Task prompt — Set down the data again word for word. Skip any pictures.

Given information —
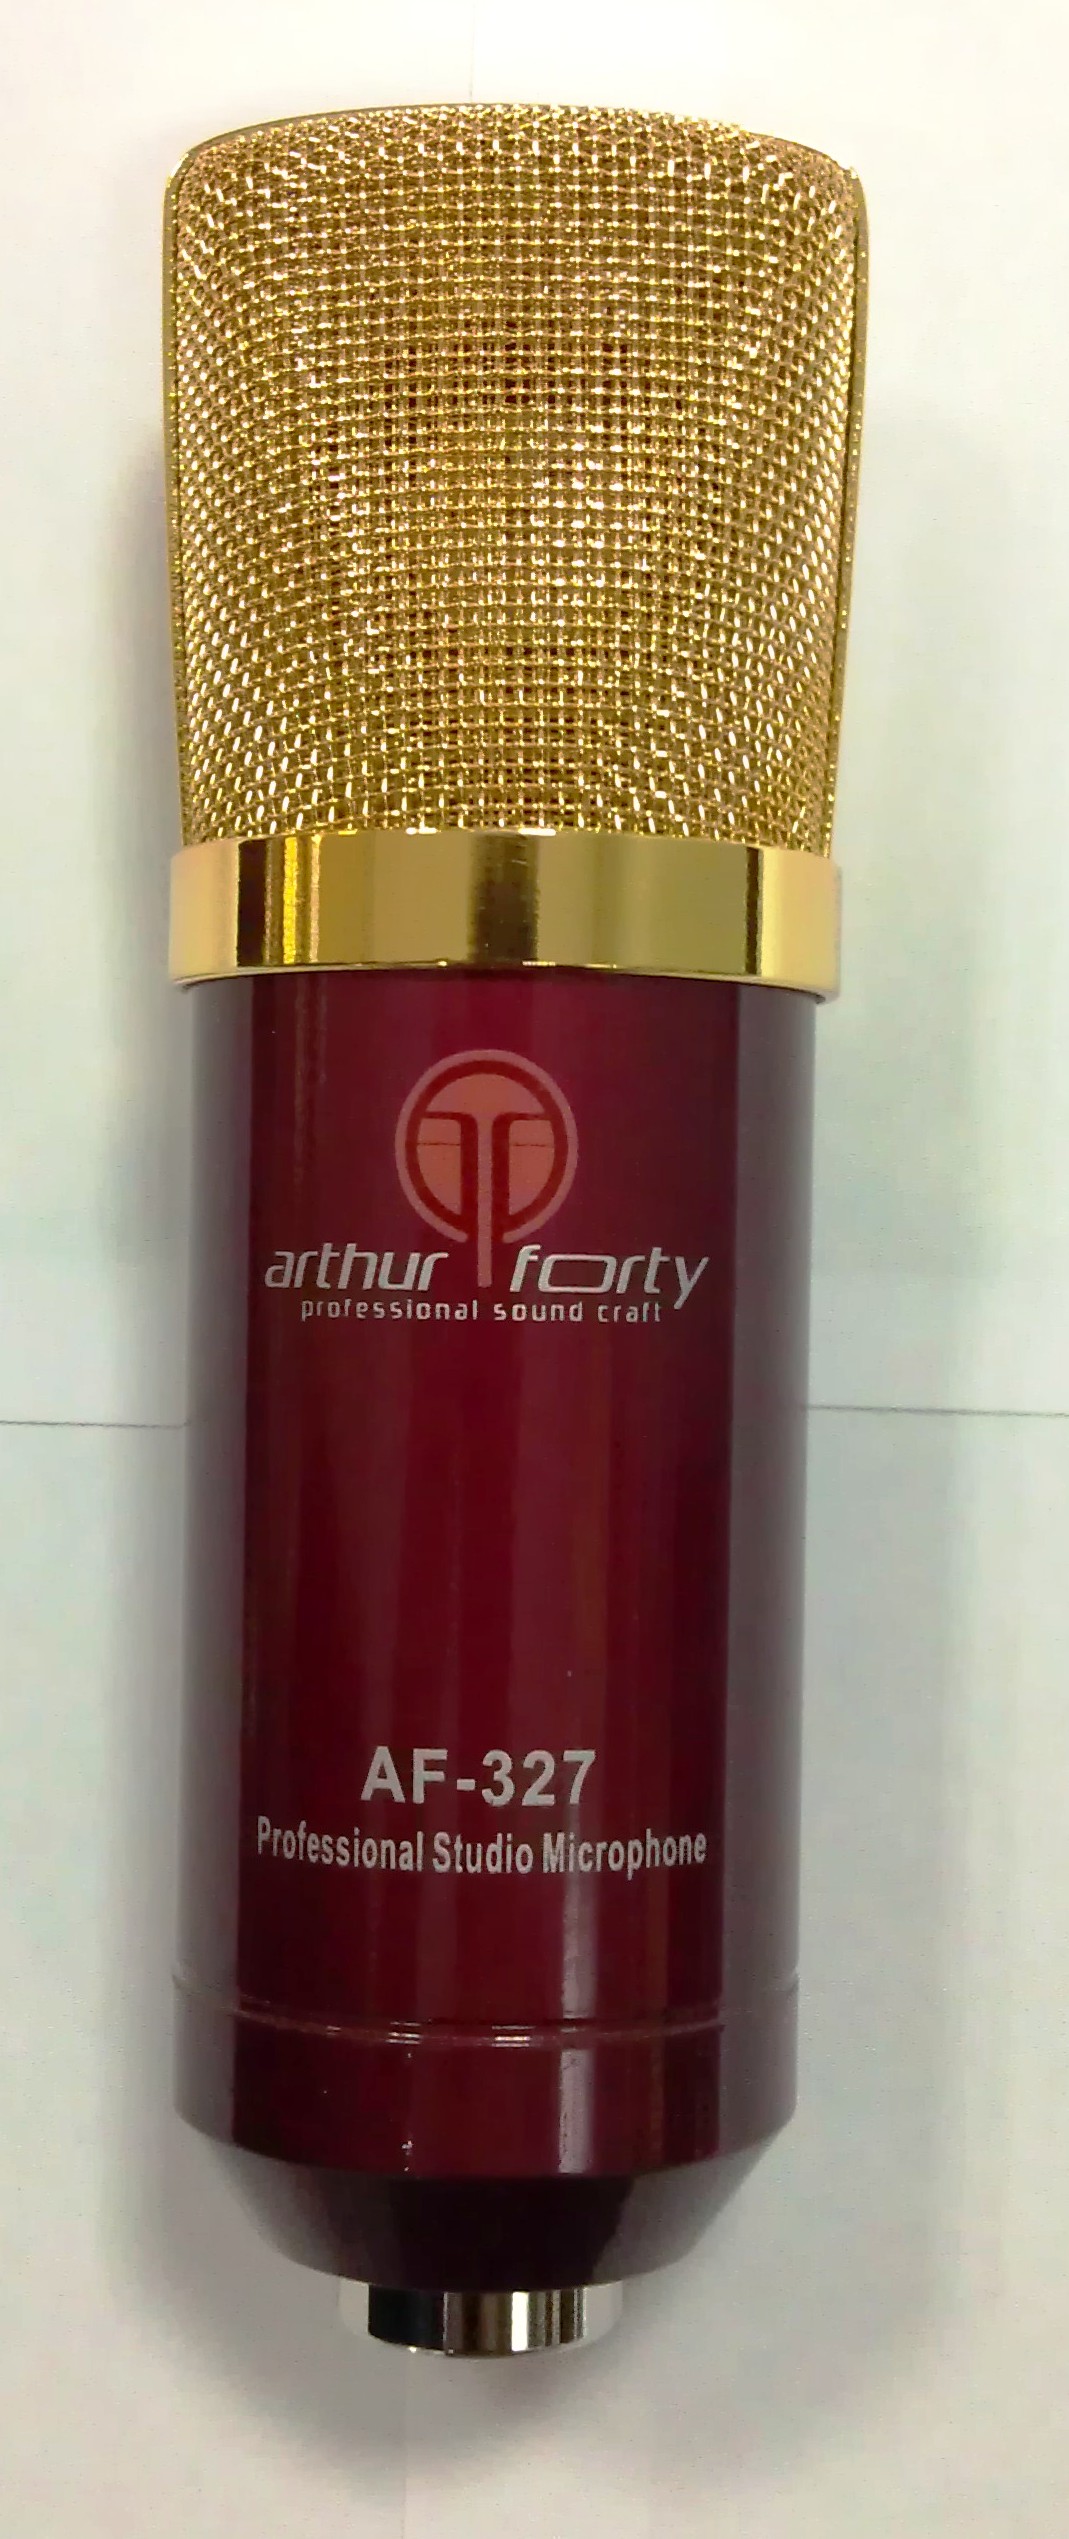 Студийные микрофоны Arthur Forty AF-327 PSC (красный) радиосистемы петличные arthur forty u 9700b psc uhf
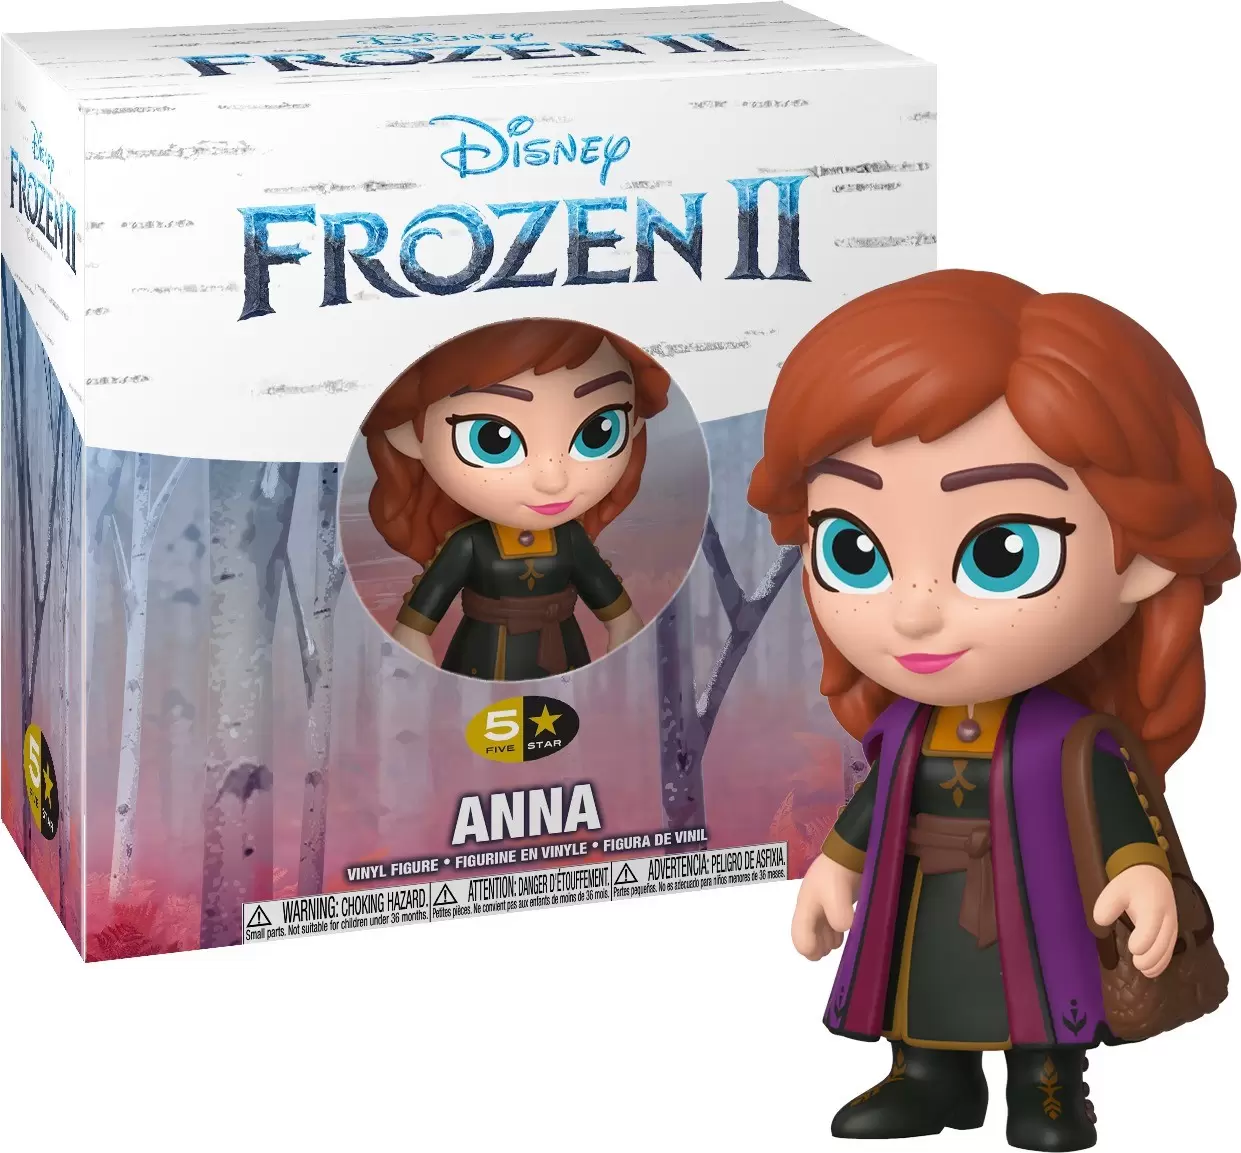 Frozen II - Anna
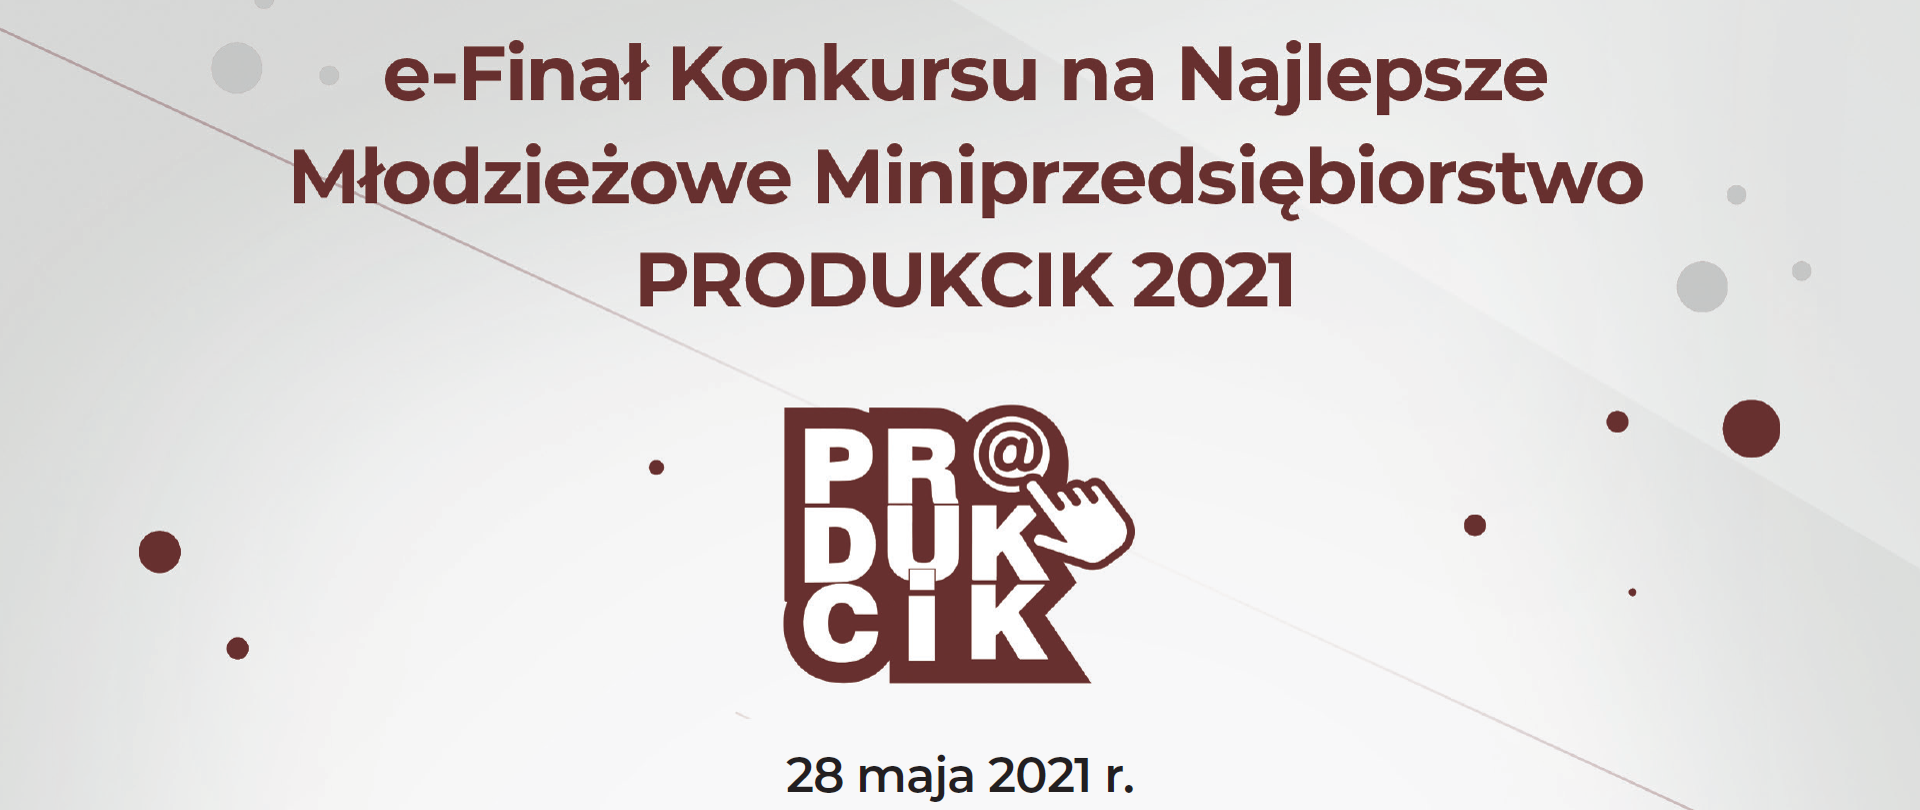 Logo konkursu Produkcik 2021

Response to this task —
 Студийные микрофоны Arthur Forty AF-327 PSC (красный) радиосистемы петличные arthur forty u 9700b psc uhf
 Frozen II - Anna
 Logo konkursu Produkcik 2021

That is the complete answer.